À Dieu, en premier lieu, ma force, mon roc, celui en qui je peux et je suis tout.

Mes remerciements vont également à ma directrice de recherche, Olga Hel-Bongo, dont la disponibilité, l’amabilité et la générosité habillent avec grâce la rigueur, la sagesse et le courage. Son approche honnête et éclairée des textes m’a appris à me perdre avec plaisir, pour mieux me retrouver, dans ce vaste labyrinthe qu’est la littérature. Je lui sais gré d’avoir été un modèle d’assiduité au travail, de confiance, mais aussi de dépassement de soi. Merci pour cette expérience à la fois intellectuelle et humaine.

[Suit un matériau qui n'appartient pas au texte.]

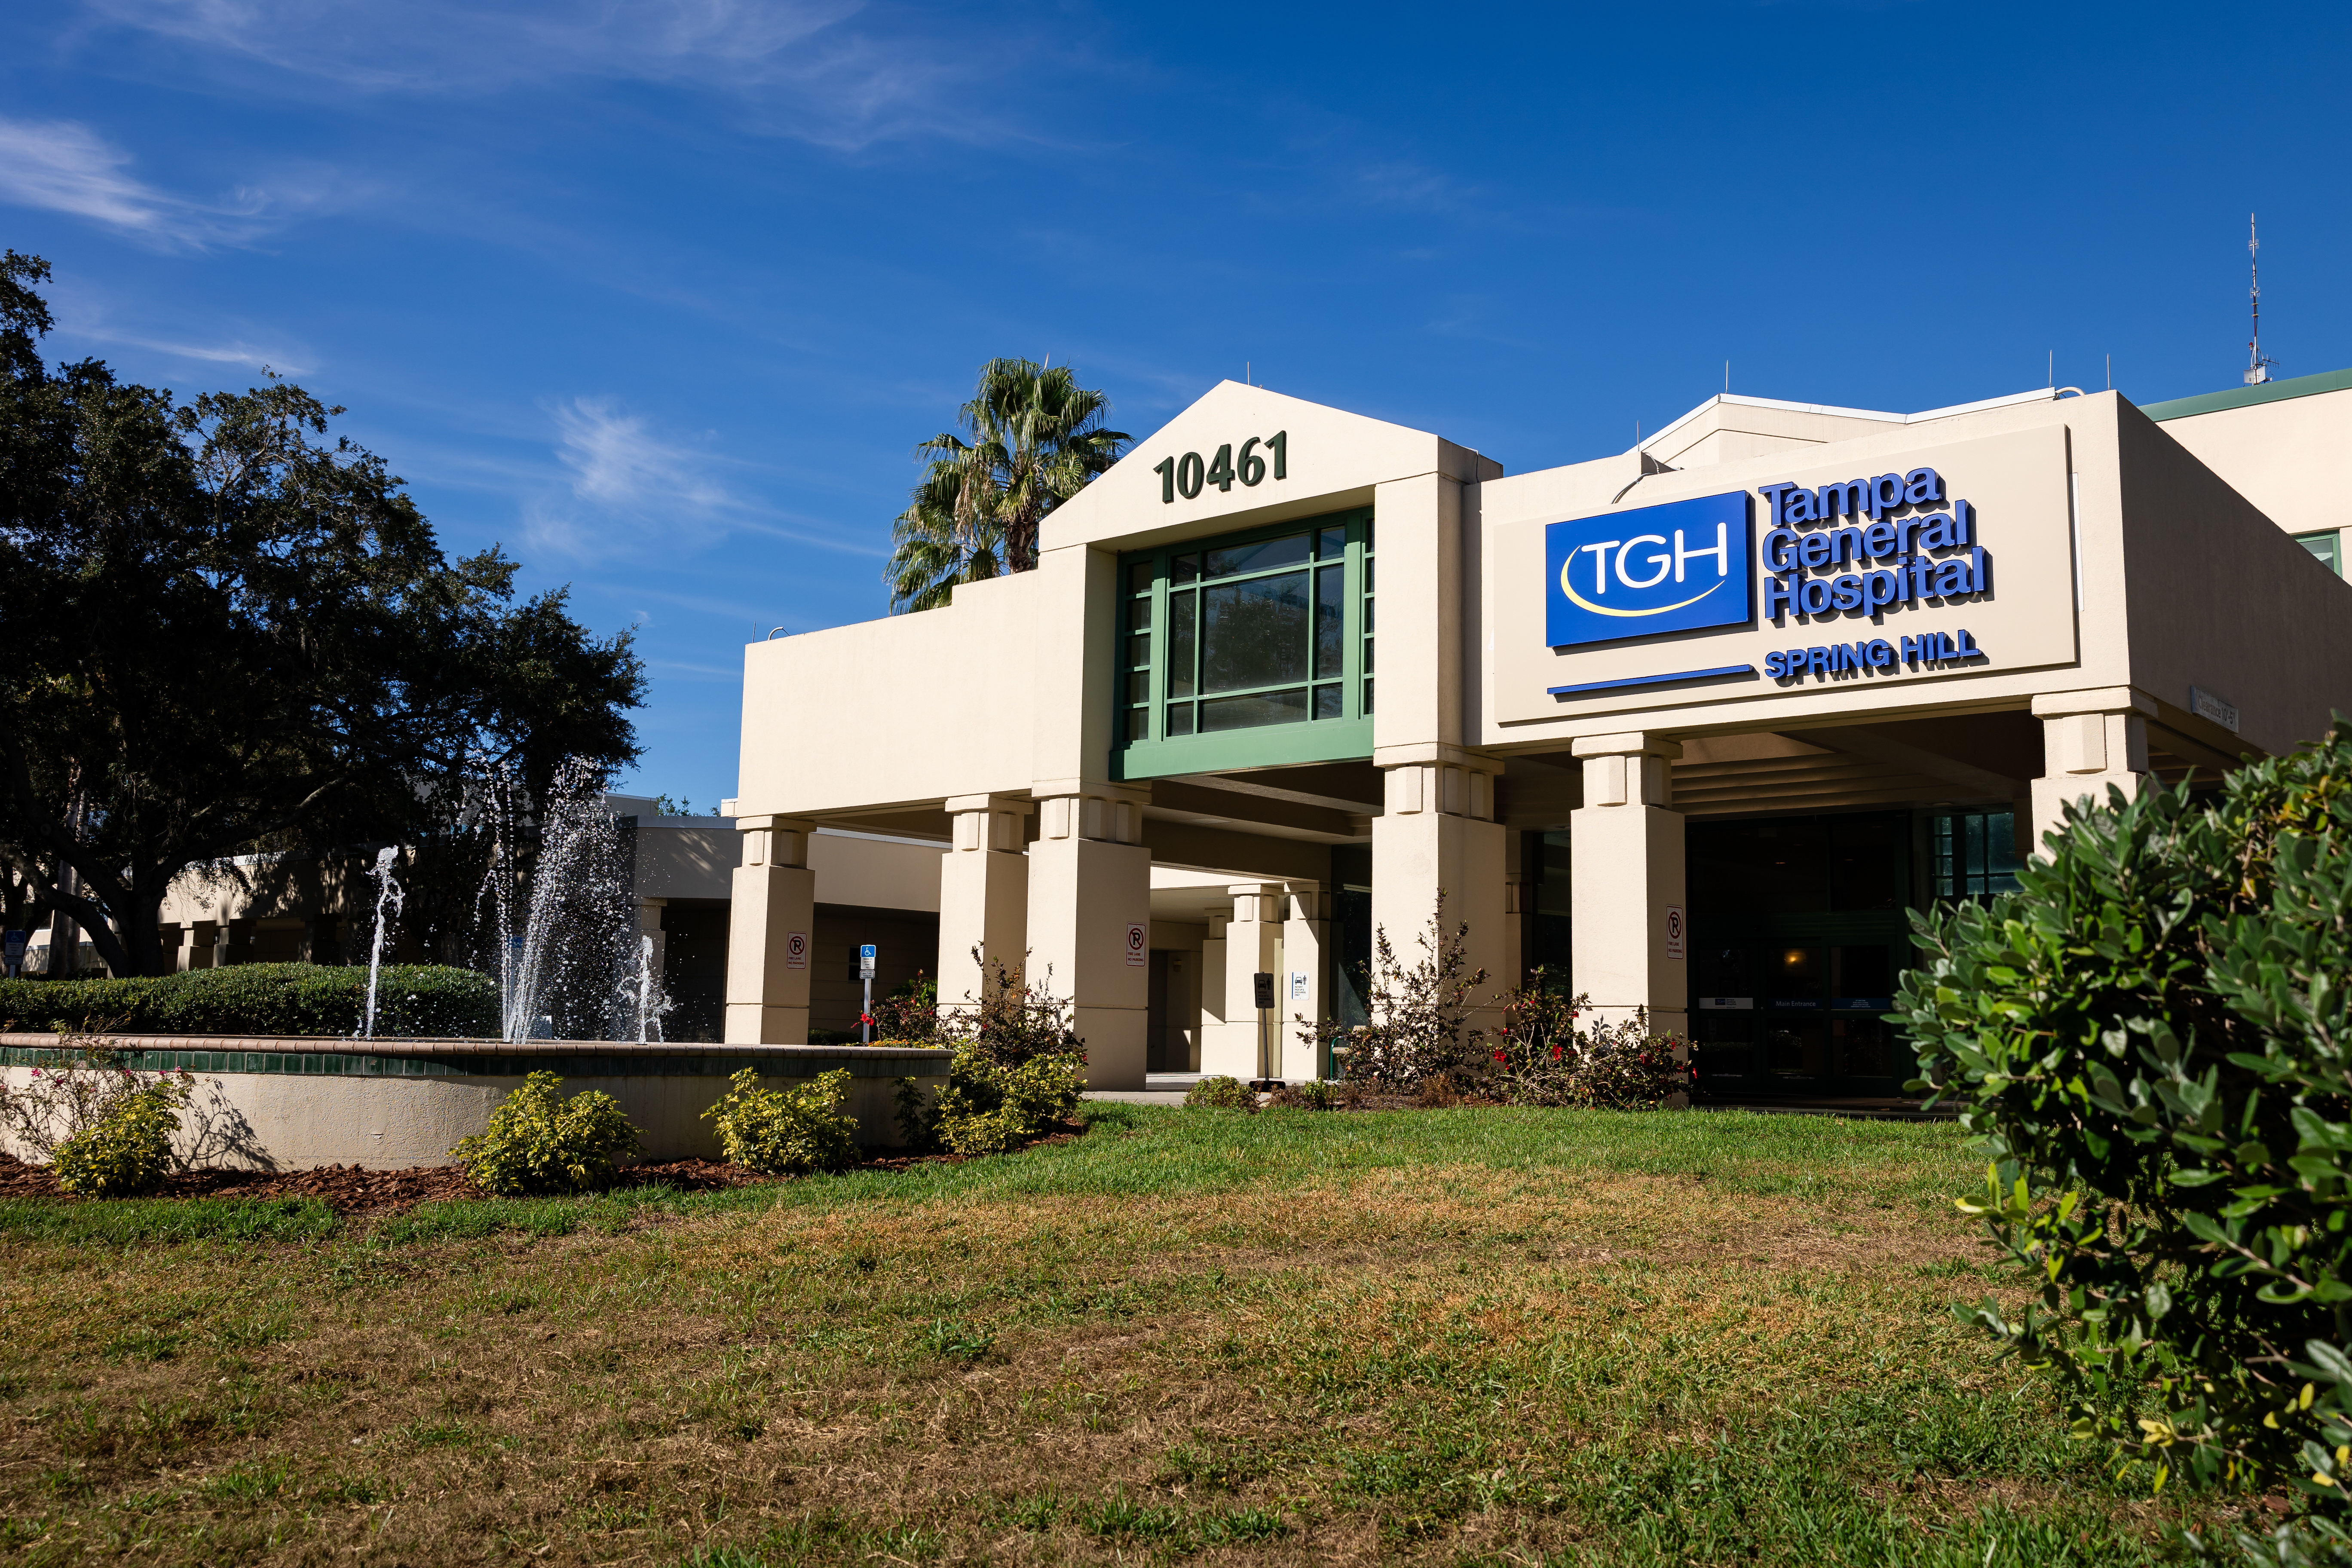 tampa general hospital spring hill exterior with sign
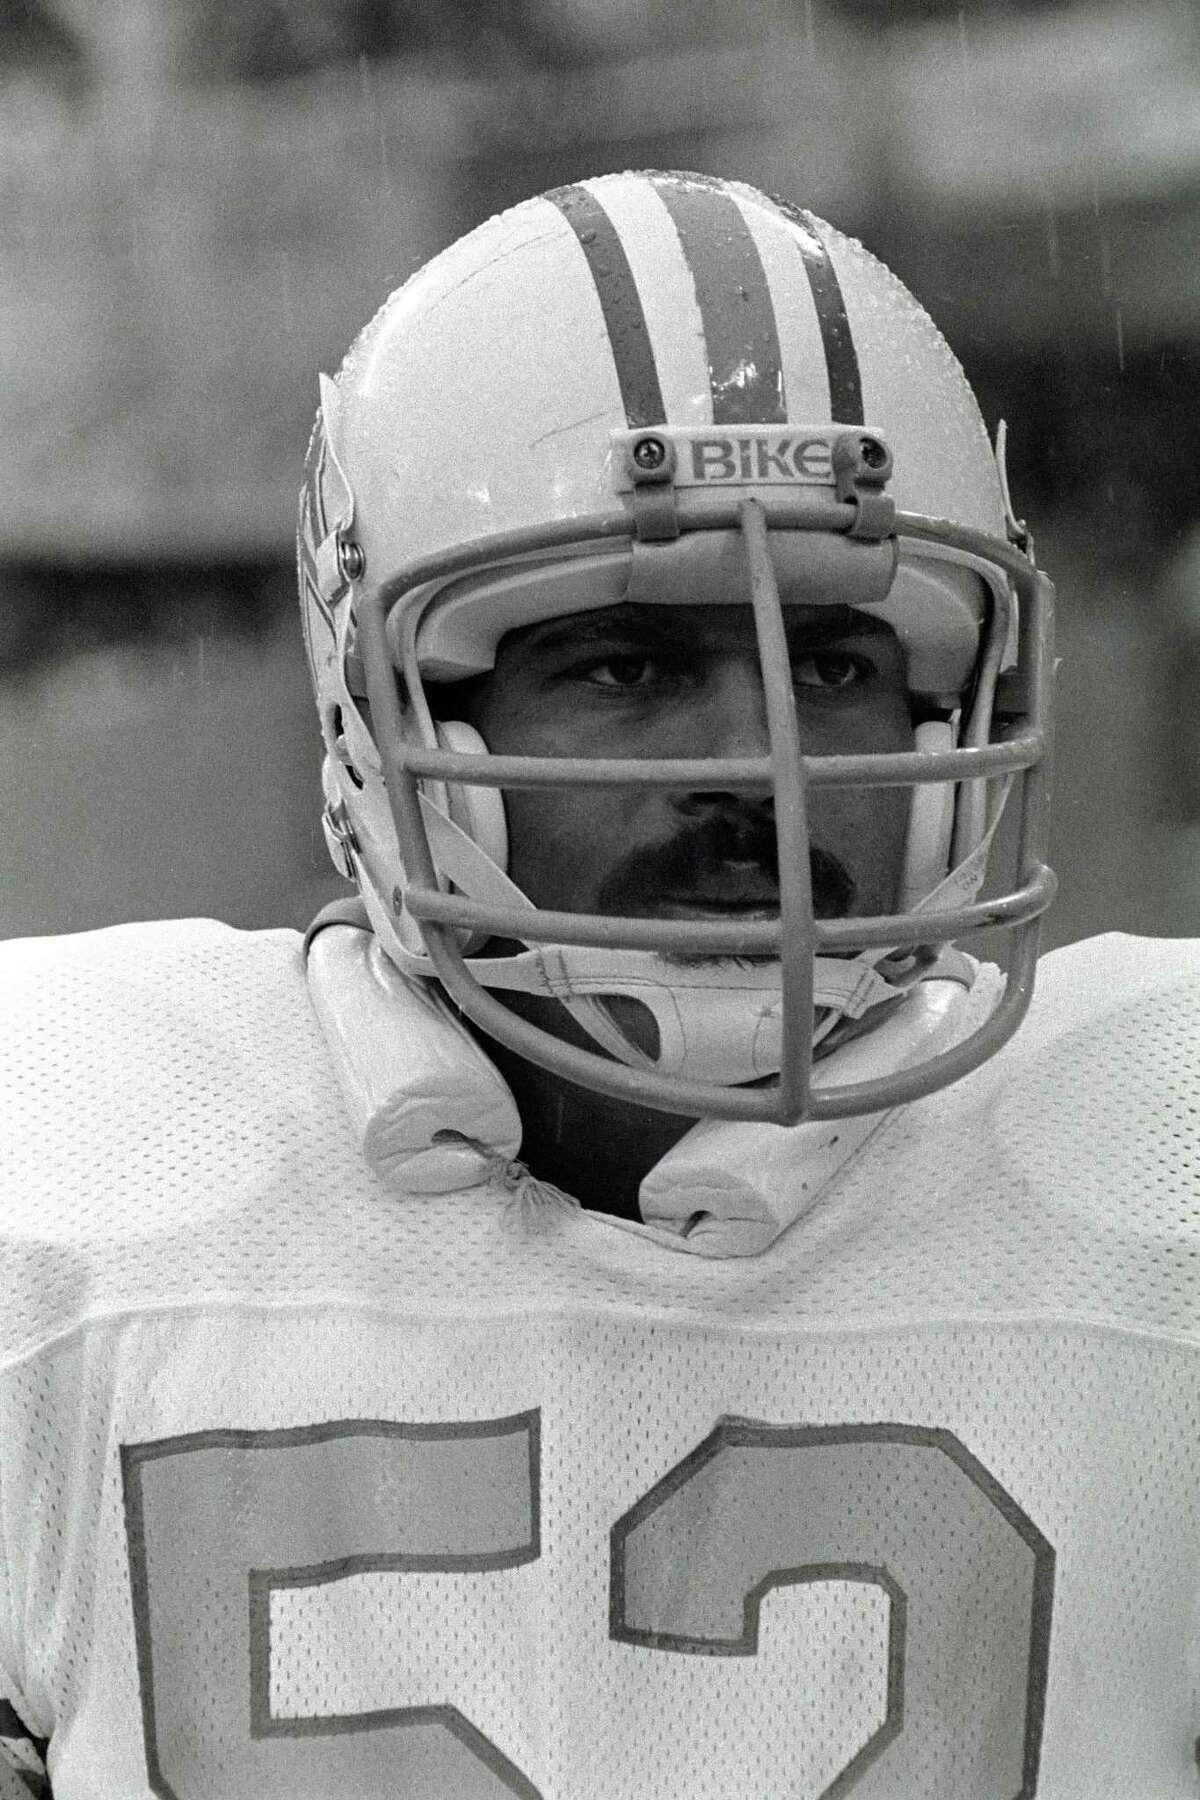 Robert Brazile was a fixture at linebacker for the Oilers from 1975-84. spanning the height of the Luv Ya Blue hysteria in Houston.

Je remercie le professeur Justin Bisanswa pour m’avoir initiée aux littératures africaines dans le cadre d’un cours de baccalauréat. Je lui suis reconnaissante d’avoir cru en moi et de m’avoir encouragée à poursuivre dans la recherche.

Je remercie mes collègues de la Chaire de recherche du Canada en littératures africaines et Francophonie pour les moments de partage qui font de notre bureau un espace agréable et ouvert à tous les possibles.

À toi maman, pour tous les sacrifices consentis, les doutes balayés, les larmes essuyées et la richesse de nos échanges. À toi Emmanuelle, pour les rires, la solidarité et la force de ta parole, que tu mets constamment au service de ma réussite. Vous êtes mes Eyabe.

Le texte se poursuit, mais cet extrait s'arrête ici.